"Ninja Turtles": trop de baston tue la baston

Par @Culturebox Journaliste, responsable de la rubrique Cinéma de Culturebox
Publié le 13/10/2014 à 17H04
"Ninja Turtles" de Jonathan Liebesman

"Ninja Turtles" de Jonathan Liebesman

© Paramount Pictures France

Les tortues ninjas reposent sur un concept amusant, tiré d’un comic book, devenu dessin animé, puis film, mettant en boîte les super-héros. Des tortues mutantes, fines lames, défenseuses de la bonne cause, contre la pègre, amateurs de pizzas... Drôle. Au final, de la baston, par un réalisateur qui nous a donné "La Colère des titans", un connaisseur, donc, produit par Michael Bay ("Transformers").

La note Culturebox
2 / 5                  ★★☆☆☆

De Jonathan Liebesman (Etats-Unis), avec : Megan Fox, Will Arnett, William Fichtner, Alan Ritchson, Noel Fisher, Pete Ploszek, Pete Ploszek, Pete Ploszek, Whoopi Goldberg - 1h42 - Sortie : 15 octobre 2014

Synopsis : Quatre héros de légende vont bientôt faire parler d’eux à New York… Leonardo, le leader, Michelangelo, le beau gosse, Raphael, le rebelle et Donatello, le cerveau, vont tout faire pour défendre la ville de New York, prise entre les griffes de Shredder. Entre deux dégustations de pizzas et un entraînement intense aux arts martiaux, prodigué par leur maître Splinter, ils vont accomplir leur destin, aidés par la courageuse reporter, April O’Neil.
"Ninja Turtles" : la bande-annonce

Film de super-héros, donc d’action, "Ninja Turtles" tient ses promesses dans le registre. Mais on se moque un peu de ce qui passe à l’écran. Le film s’adresse sans complexe au public qu’il vise : les enfants de 8-14 ans, laissant totalement sur le côté les autres. 

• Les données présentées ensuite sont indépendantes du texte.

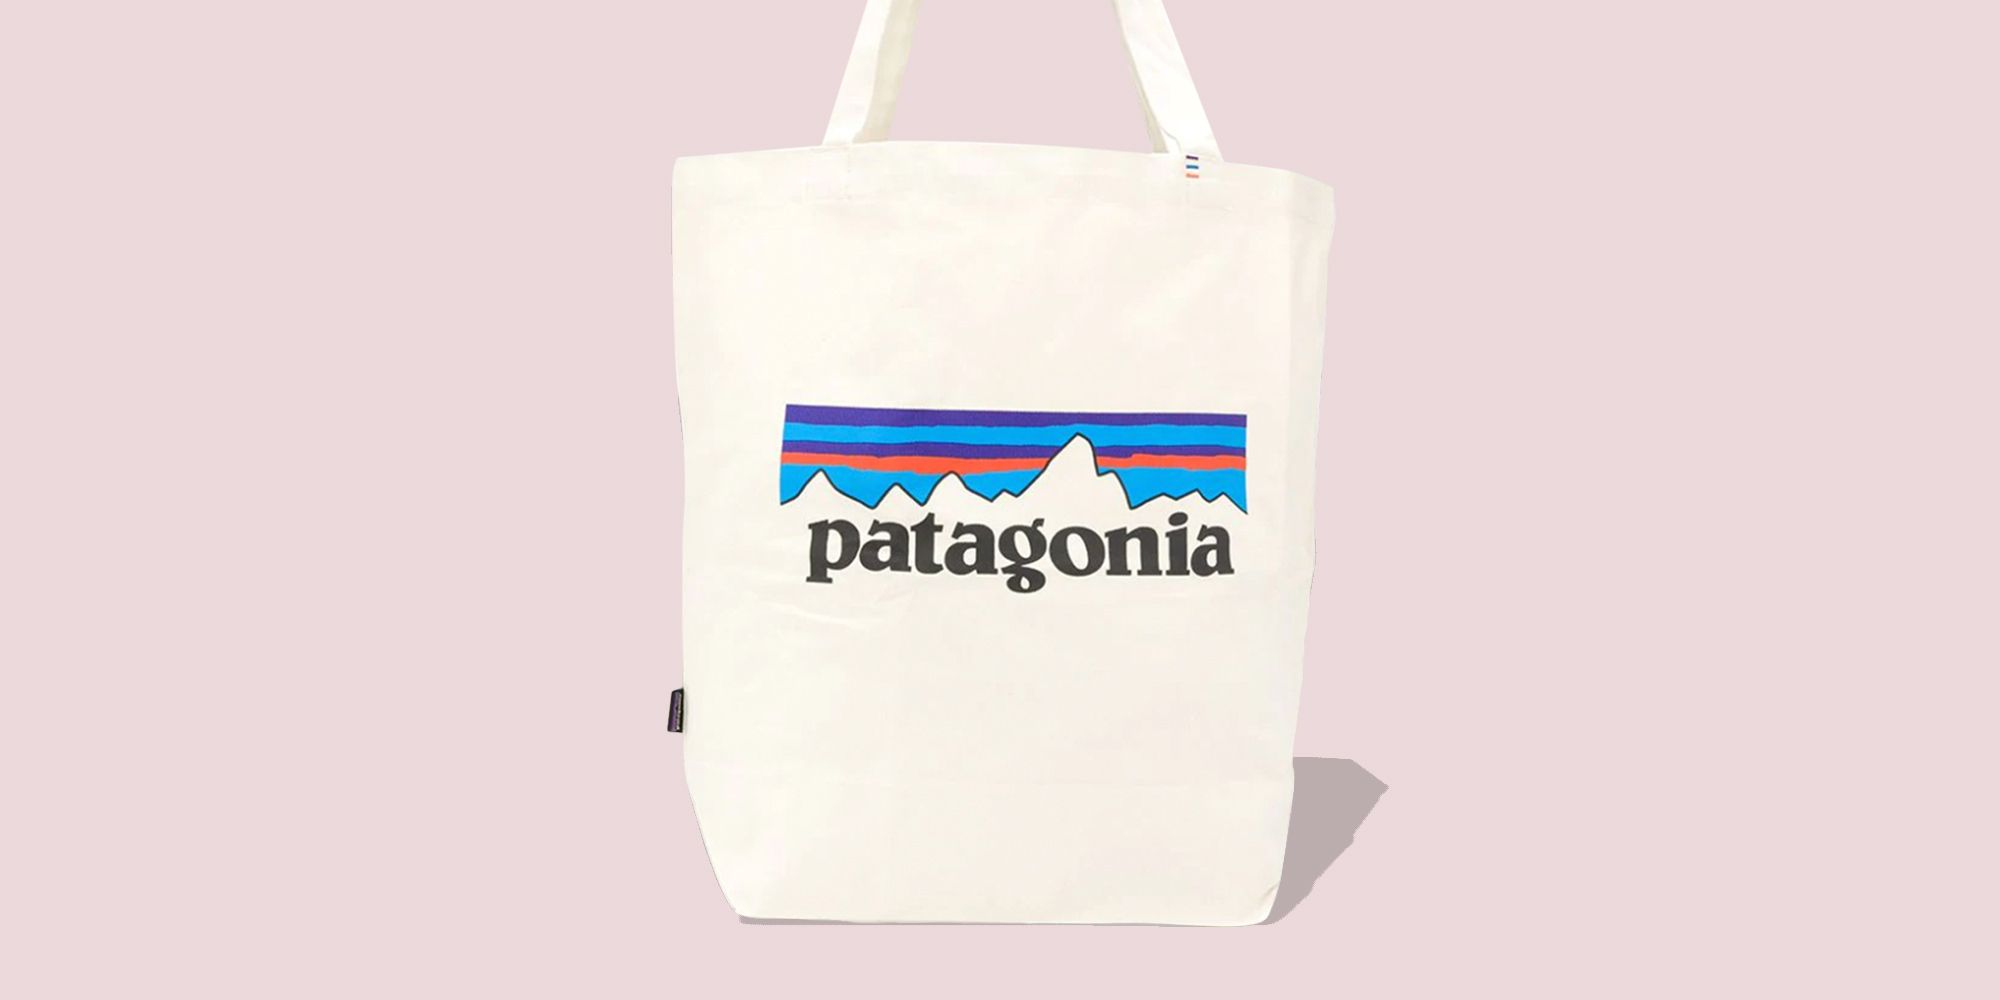 Support Your Local Famers Denim tote bag Boho  Bag Famers Market Denim Bag Eco Friendly Shoulder Bag Denim Shoulder Bag Eco Bag

"Ninja Turtles" de Jonathan Liebesman

"Ninja Turtles" de Jonathan Liebesman

© Paramount Pictures France

La réalisation technique est remarquable, le montage au taquet, et ça bastonne à foison. Trop peut-être, Tant que l’on décroche rapidement. Pas d’intrigue, que des effets. De l’esbroufe certes, mais pas grand-chose d’autre.

Le public visé y trouvera sans doute son compte, le box-office américain fait référence, et est éloquent. Ici, les mots nous manquent.